I am often asked to share key career lessons or to give advice. Like any good businesswoman, I conduct “market research” to prepare. One particular speaking event was scheduled to take place just after I had rendezvoused with my sisters Carmen, a professor and department chair at Houston’s M.D. Anderson Cancer Center; Teresita, vice president of nursing at Terrebonne General hospital in Louisiana; and Maria, a PhD in nutrition and public health and lieutenant colonel in the U.S. Army. What better pool for my data gathering! We shared our key life lessons and the advice that had helped us navigate our own career paths and achieve success.
First and perhaps most important, I don’t think our story is unique. There are many other women who have overcome greater challenges, both personally and professionally. We grew up in a small town in south Louisiana in a family of six children, four girls and two boys. It wasn’t until I was in college that I realized we were financially poor but rich in many other ways. Although neither of our parents had the opportunity to pursue a college degree, they instilled in us the importance of learning at a very early age, the window to access the rest of the world.
Listening to others to understand different perspectives before making critical decisions is important. However, after considering different viewpoints, you can’t be afraid to make tough decisions. Being respected is much more important than being popular.
It’s also key to give back by being a mentor for others. In addition to my supportive husband and family, I have crossed paths with several key leaders who supported me in taking risks.

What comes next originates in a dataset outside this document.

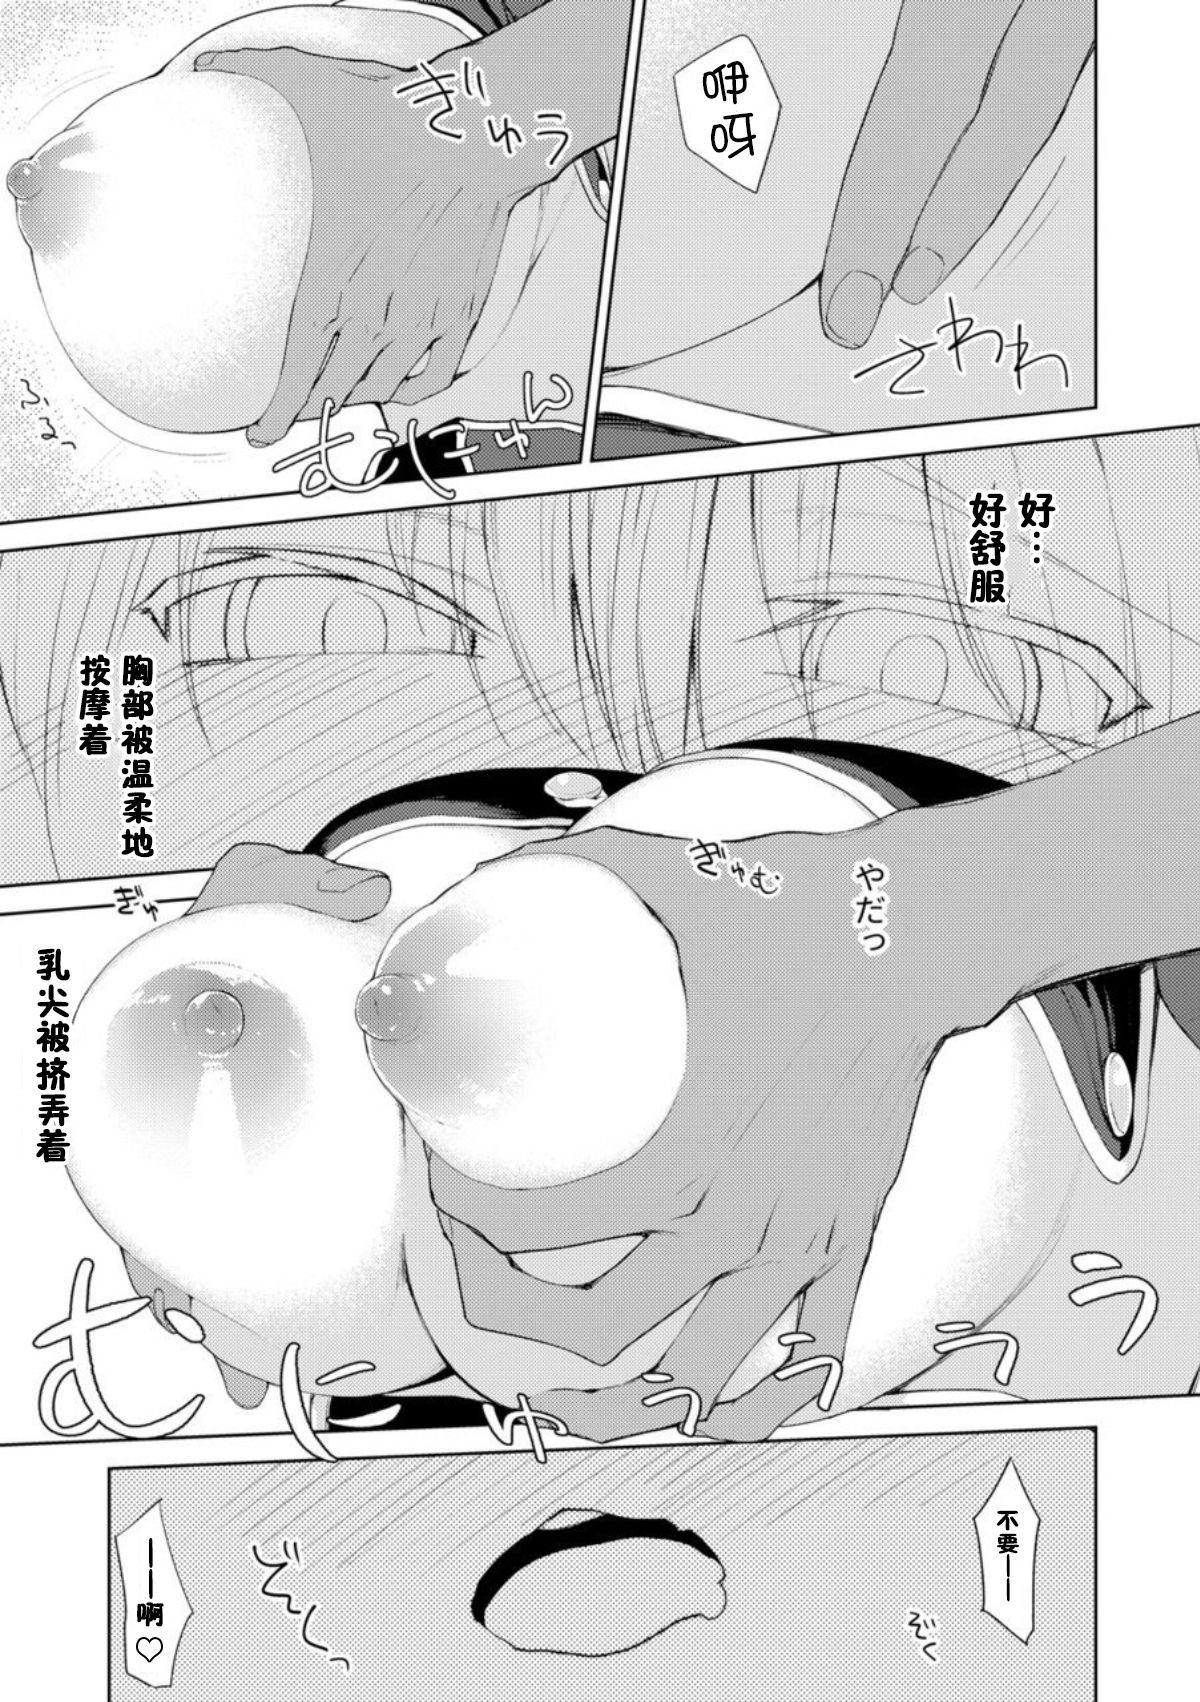 Muscle Persis vs Oppai Seijin - Sennen sensou aigis Young Men - Page 10

There were times when they had more confidence in me than I had in myself. I think back to their advice and support and how essential that was for me.
In summary, my advice is work hard, never stop learning, be open to the input and ideas of others, and be a role model and mentor to those around you. Finally, never forget where you came from. It has a direct influence on who you become, sometimes in spite of it and sometimes because of it. My favorite bookmark says, “It’s never too late to become who you might have been.” I truly believe that.